+++ COLLECTED MATERIAL

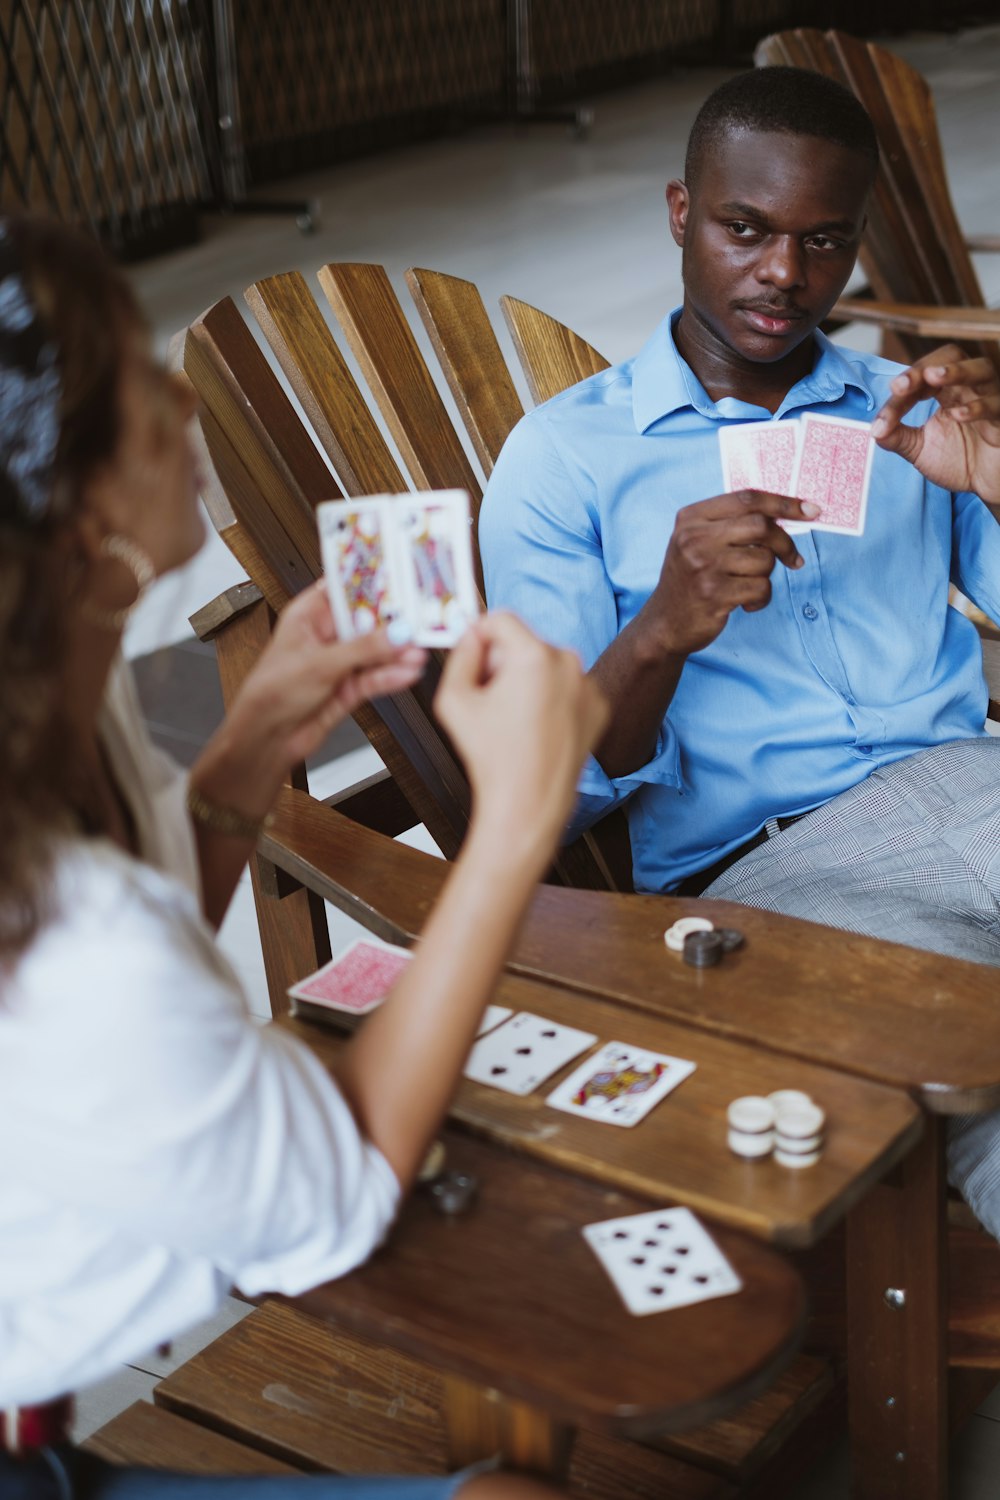 파란색 버튼 업 셔츠를 입은 남자가 카드 놀이를 들고 있다
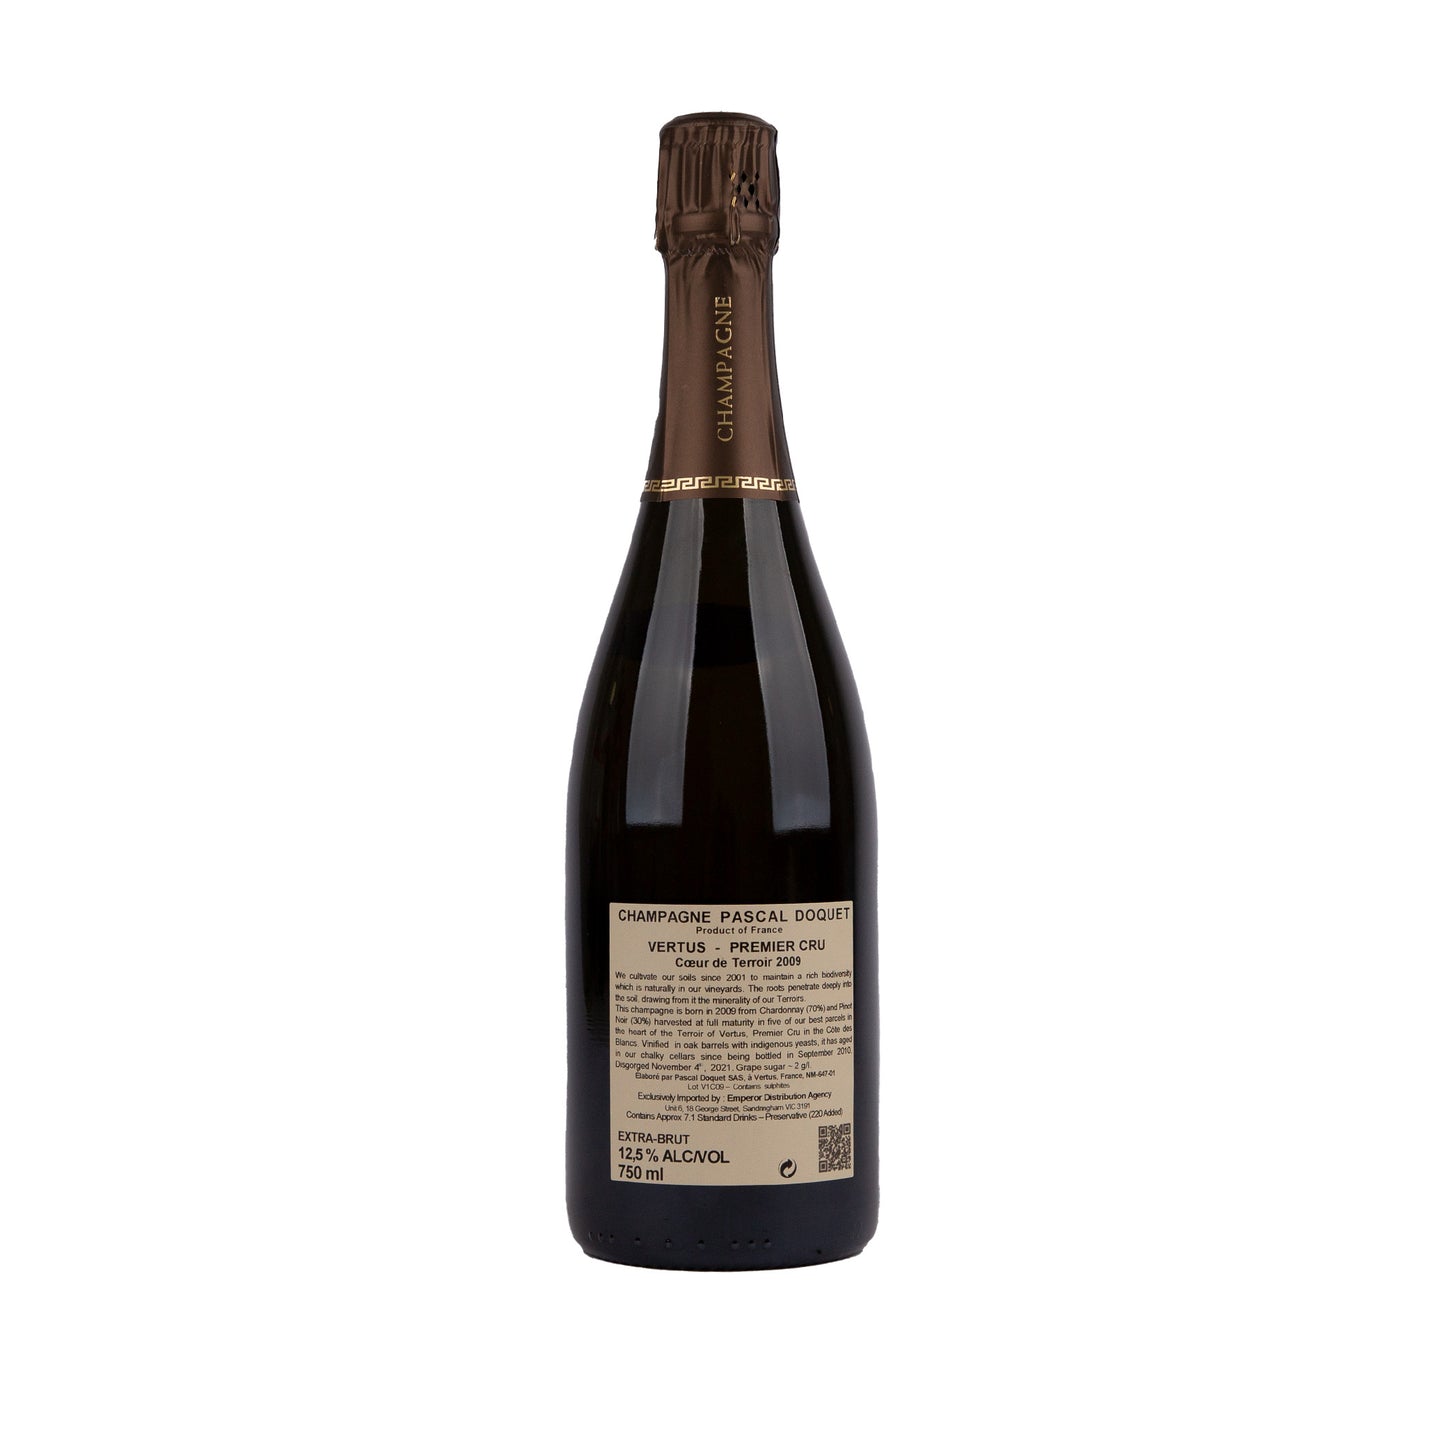 Pascal-Doquet-Vertus-Coeur-de-Terroir-09-emperor-champagne-back
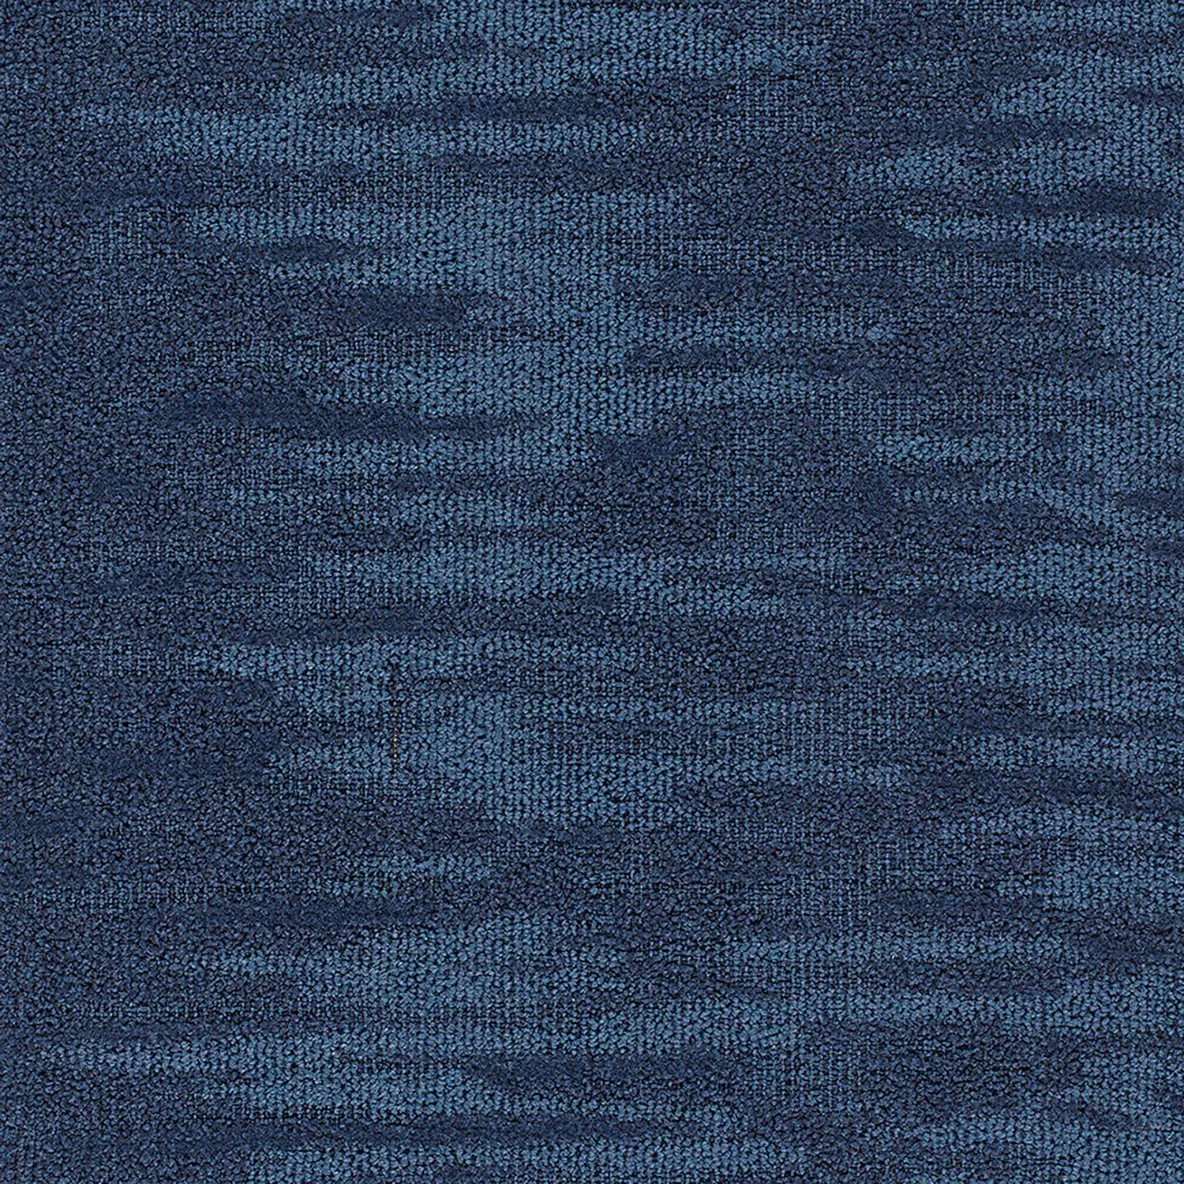 Prism Carpet Tile 1x1 Meter

++++++

- _PROBLEM DESCRIPTION_: Return each line above word for word. Skip the pictures.

- _SOLVED PROBLEM_:
 파란색 버튼 업 셔츠를 입은 남자가 카드 놀이를 들고 있다
 Pascal-Doquet-Vertus-Coeur-de-Terroir-09-emperor-champagne-back
 Prism Carpet Tile 1x1 Meter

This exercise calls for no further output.